Even that is not the priority for the Raptors, though.

“I think the goal is to create an environment that feels just like the Raptors,” Tolzman said. “We want the same culture. We want the same types of guys. The thing we always talk about is the more low-maintenance the D-League is, the better. If we have players that patrol themselves, they have a goal in mind and are on that path working toward it without any off-the-court stuff, the minutes stuff — if they’re just here playing their tails off and working hard, that’s the type of environment we want to create.

“If we can get one or two players every few years from the D-League on our main roster, we’ve done our job, and it’s created a dividends on investment.”
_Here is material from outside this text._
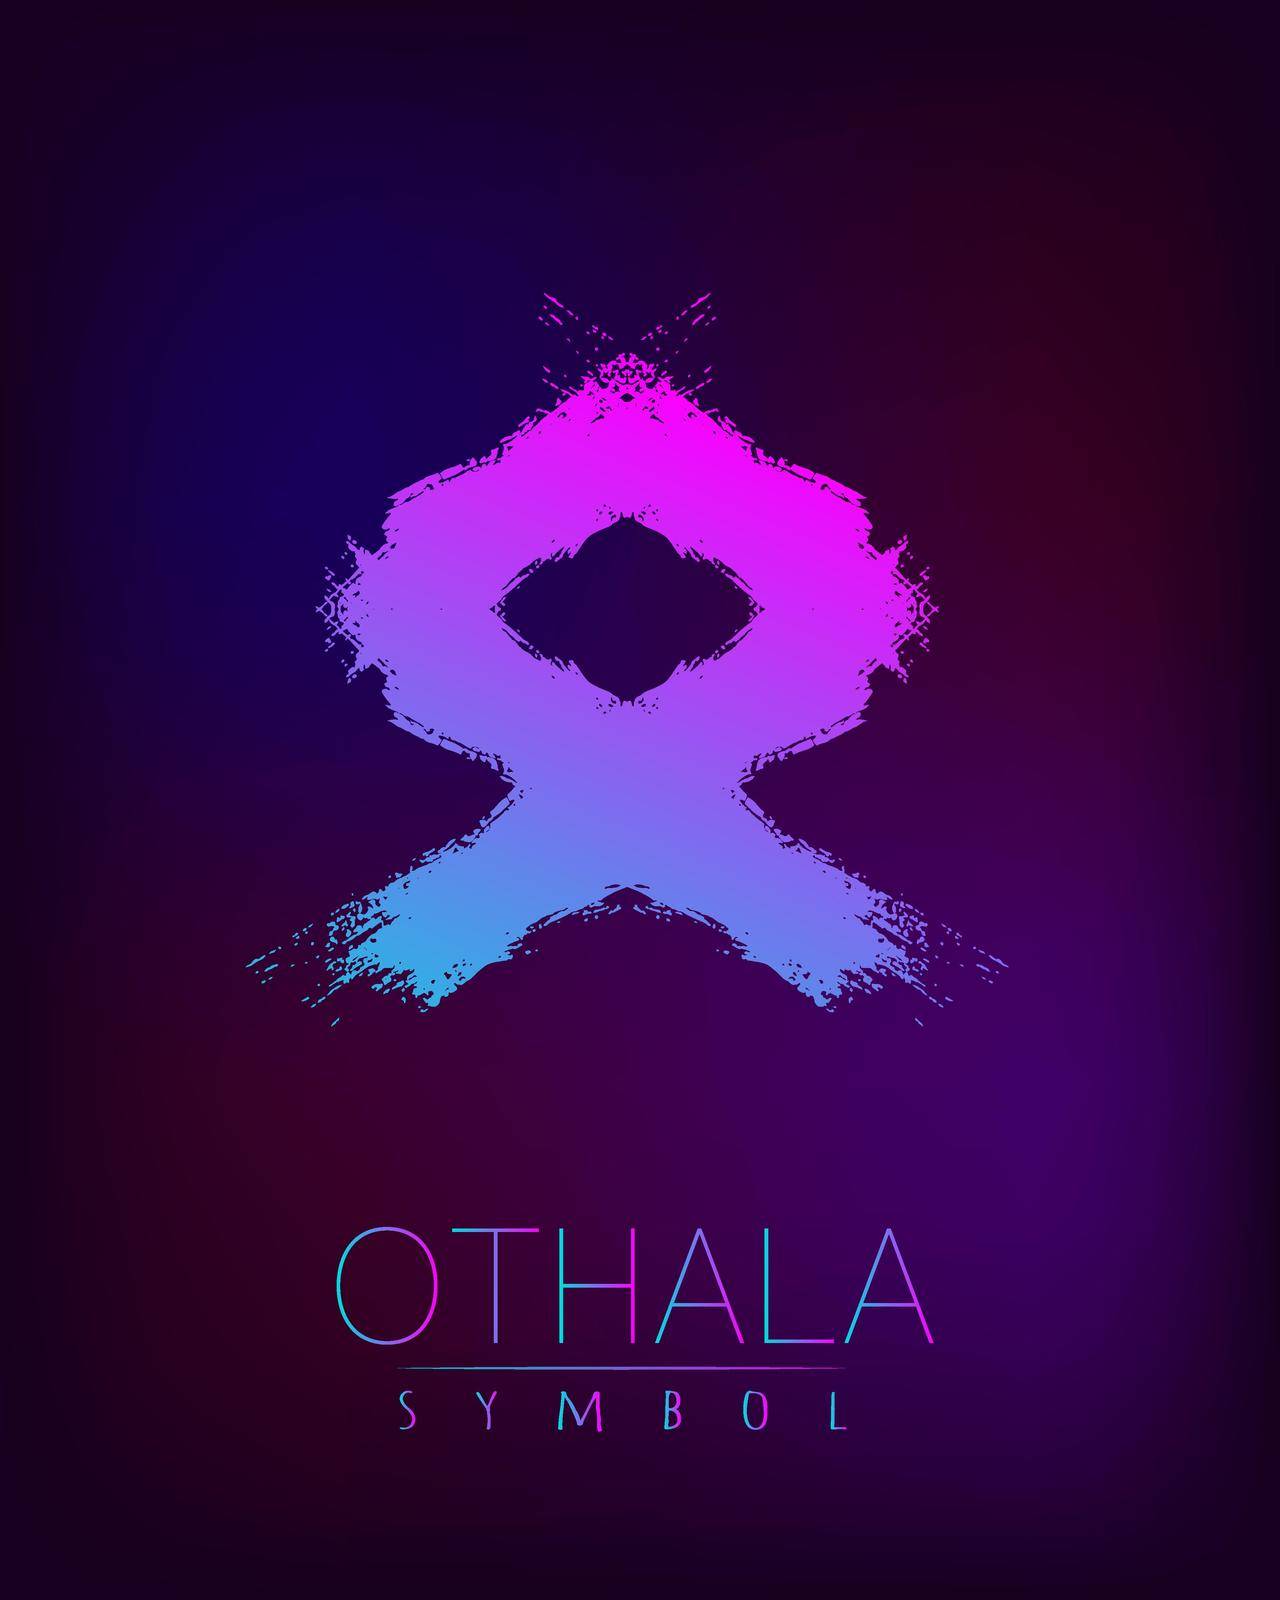 Rune Scandinavia is a Othala riches vector illustration. Symbol of Futhark letters. Brush stripes with trend gradient blue pink color on blur dark background. Magic and mystery sign. Spiritual by DesignAB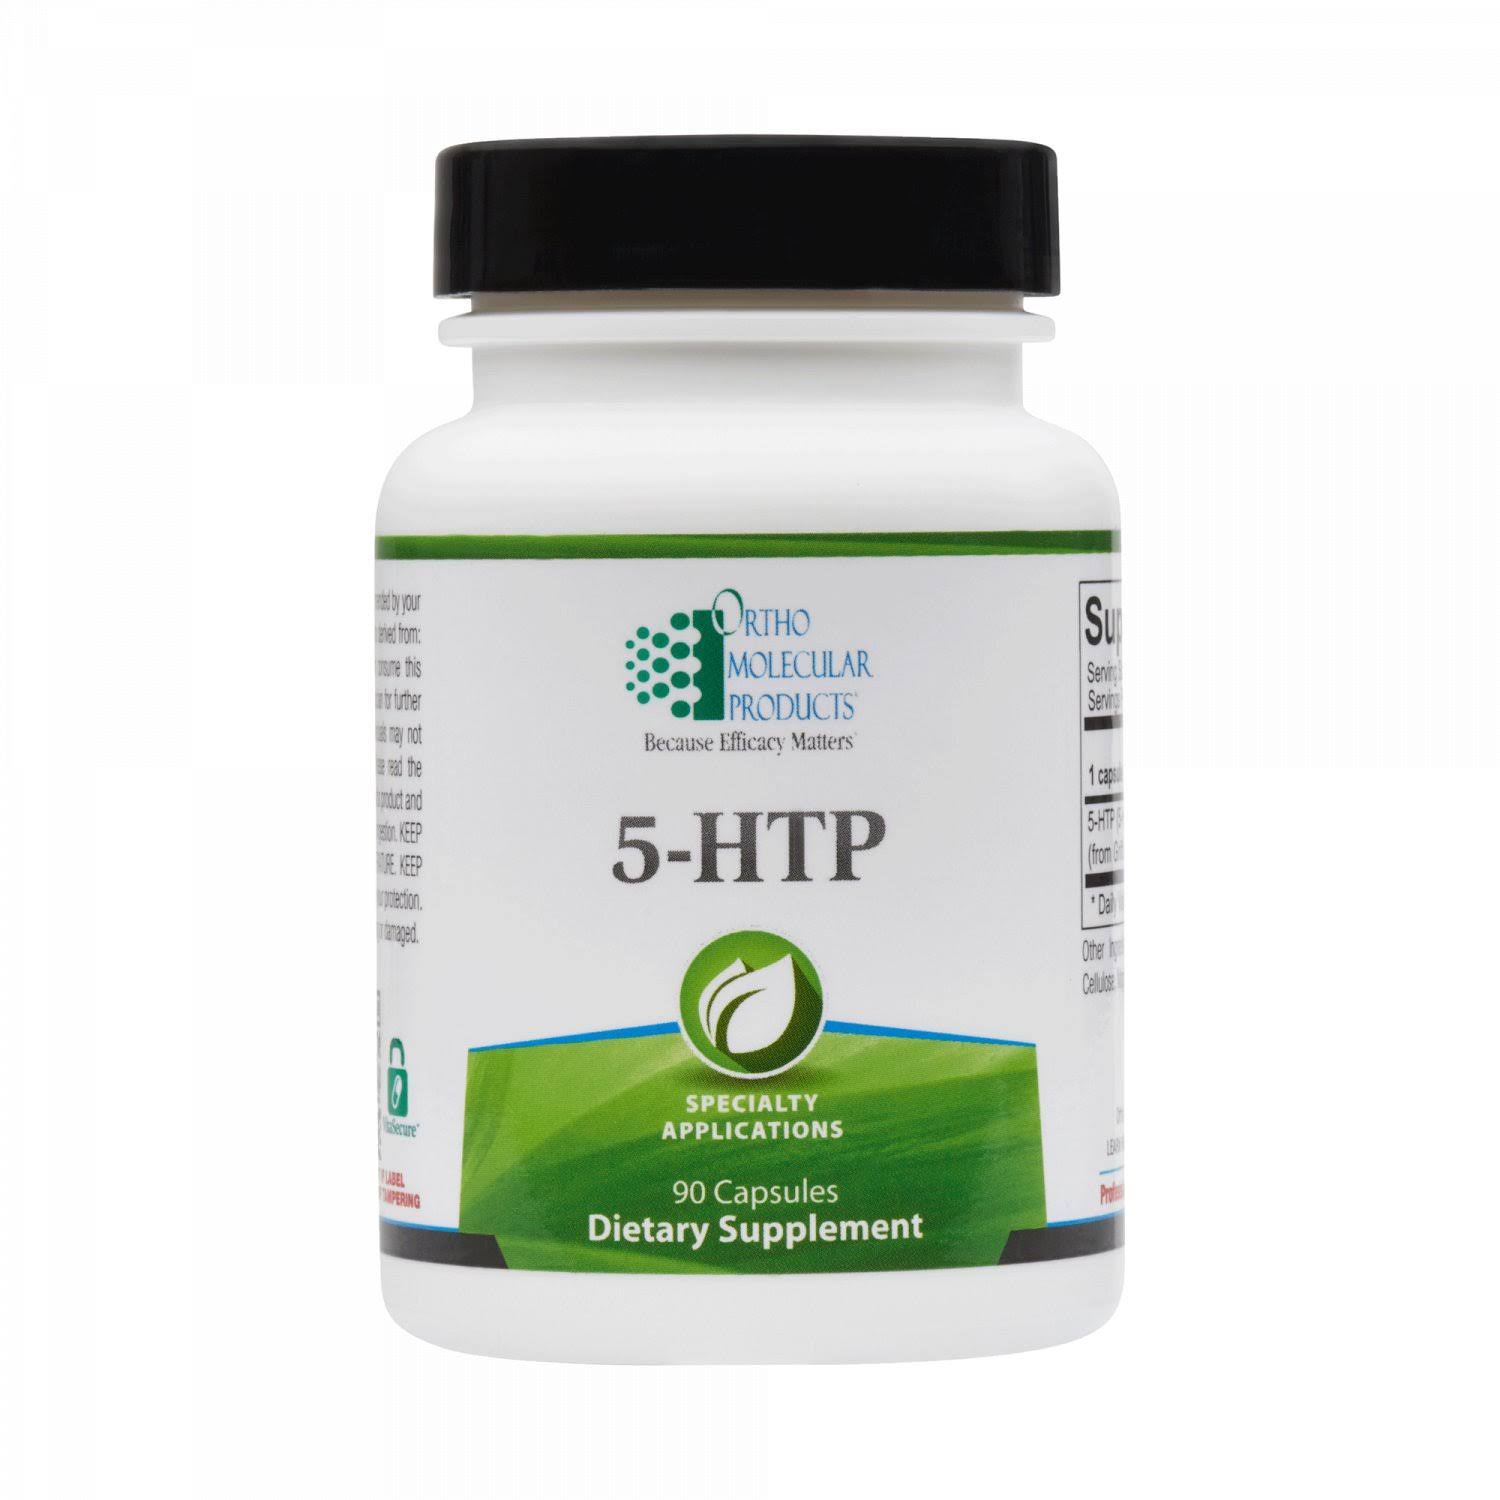 Ortho Molecular Product 5-Htp Dietary Supplement - 100mg, 90ct

Tolzman said he is still trying to master some of the D-League’s bizarre rules — attempting to figure out who they could include in their local tryouts and who was off limits was particularly difficult — and also trying to navigate the differences between being a general manager at this level compared to the NBA. He is certain that there is less gamesmanship required, but some of the other aspects, such as attracting non-roster players to the team, will take time.

Those are minor issues, of course. Caboclo, Wright and the rest need their minutes; that is the important thing but it is also the easy part. Tolzman is responsible for the tougher things.

“He knows everything about everything,” Ujiri said. “He’s one of those guys.”